My memory is very hazy; though. While I experienced this transition firsthand and was an early Intel adopter, that’s about all I can remember about Rosetta or where it came from.
I remember before Adobe had released the Universal Binary CS3 that running Photoshop on my Intel Mac was a total nightmare. :( I learned to not be an early adopter from that whole debacle.
Assuming you're talking about PPC-to-x86, it was certainly usable, though noticeably slower. Heck, I used to play Tron 2.0 that way, the frame rate suffered but it was still quite playable.
Interactive 68K programs were usually fast. The 68K programs would still call native PPC QuickDraw code. It was processor intensive code that was slow. Especially with the first generation 68K emulator.

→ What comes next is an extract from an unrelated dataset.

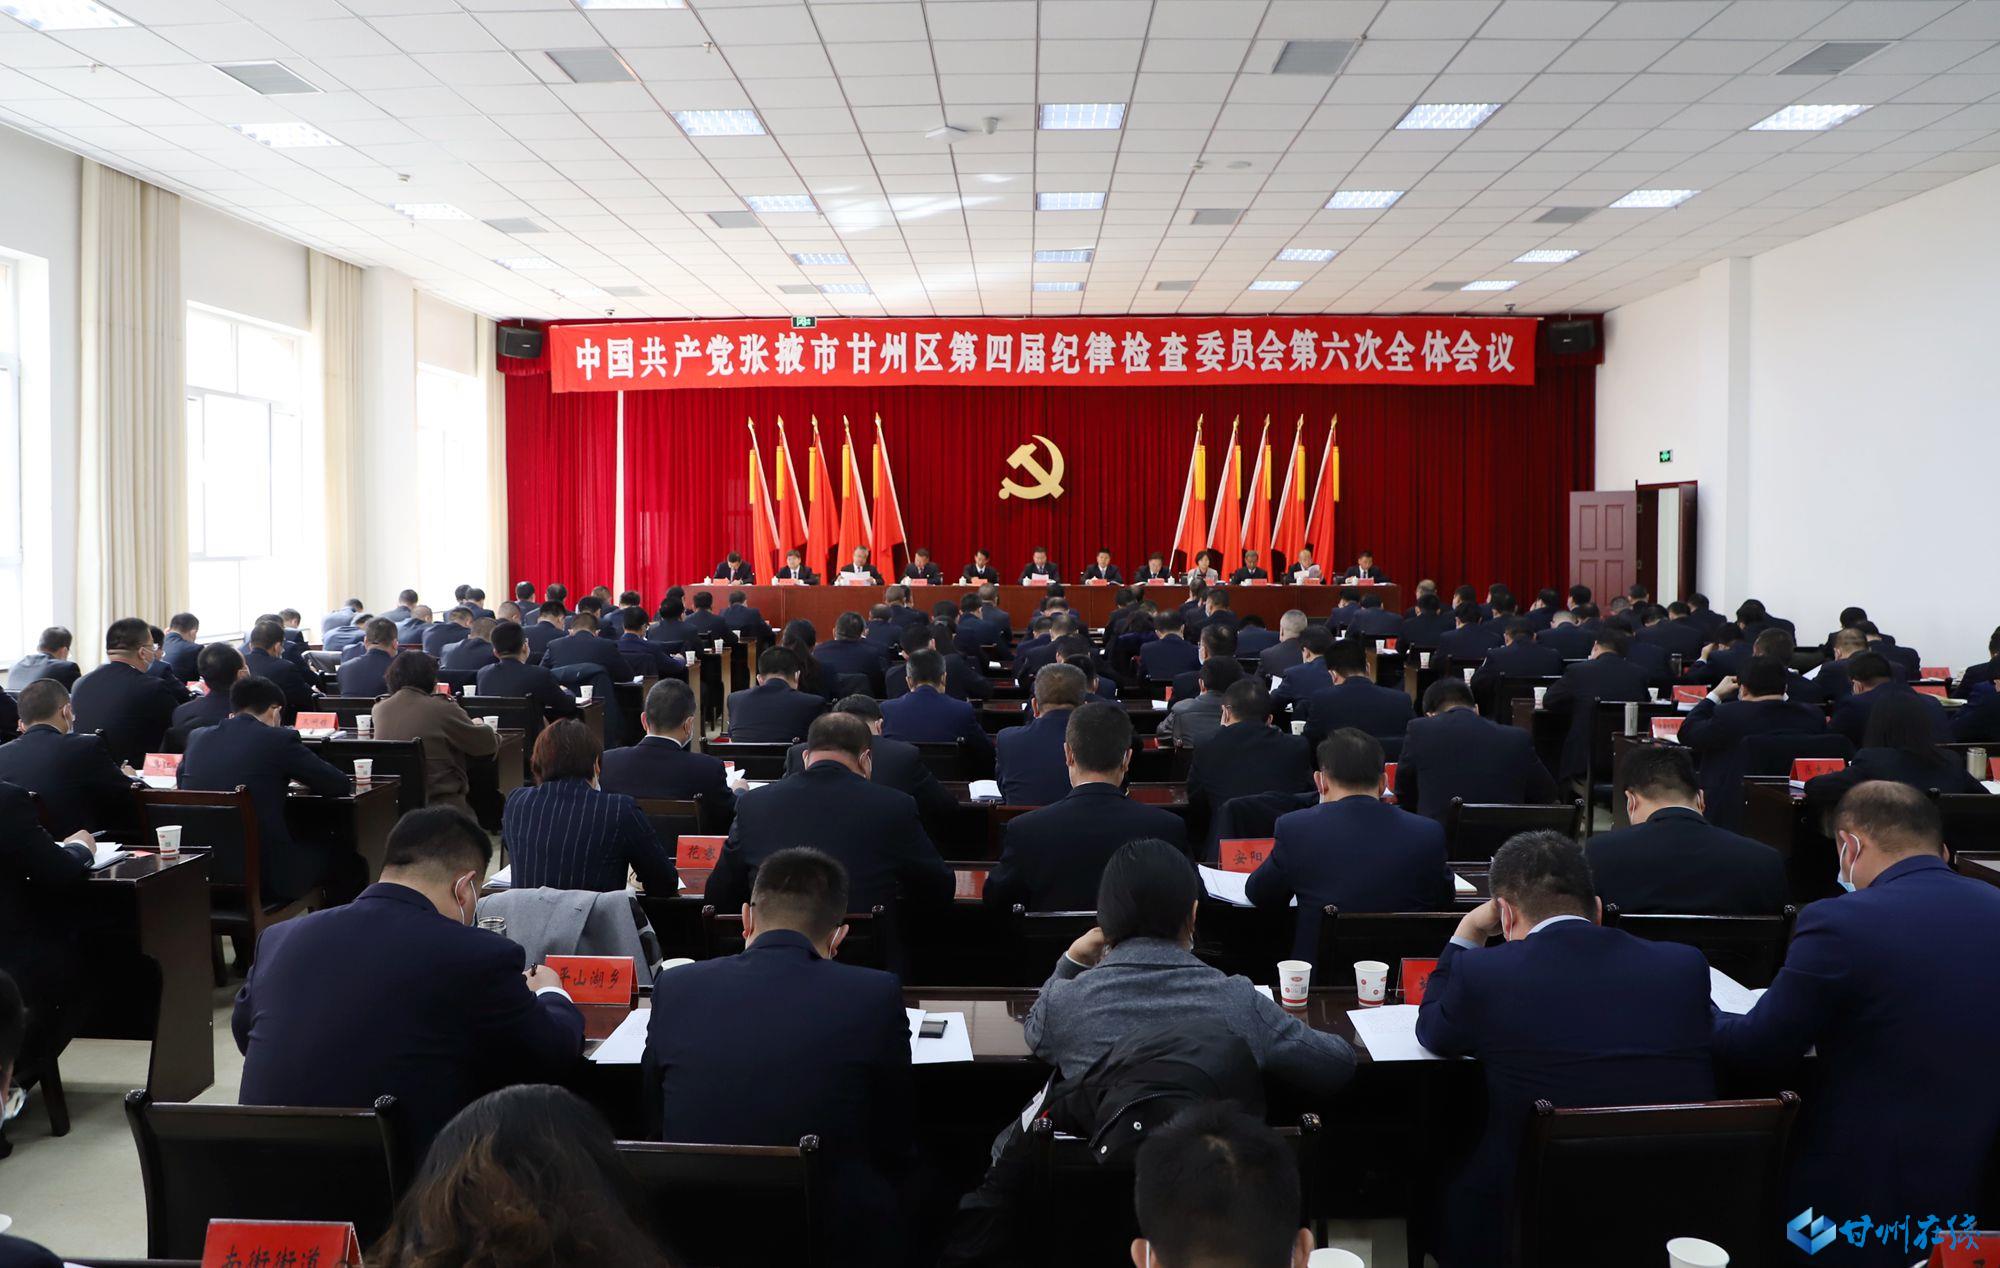 中国共产党张掖市甘州区第四届纪律检查委员会 第六次全体会议决议

Most of the Toolbox was still running emulated 68k code in early Power Mac systems. A few bits of performance-critical code (like QuickDraw, iirc) were translated, but most things weren't.
I remember Apple had a totally different but equally clever solution back in the days of the 68K-to-PowerPC migration. The 68K had 16-bit instruction words, usually with some 16-bit arguments. The emulator’s core loop would read the next instruction and branch directly into a big block of 64K x 8 bytes of PPC code. So each 68K instruction got 2 dedicated PPC instructions, typically one to set up a register and one to branch to common code.
What that solution and Rosetta 2 have in common is that they’re super pragmatic - fast to start up, with fairly regular and predictable performance across most workloads, even if the theoretical peak speed is much lower than a cutting-edge JIT.
Anyone know how they implemented PPC-to-x86 translation?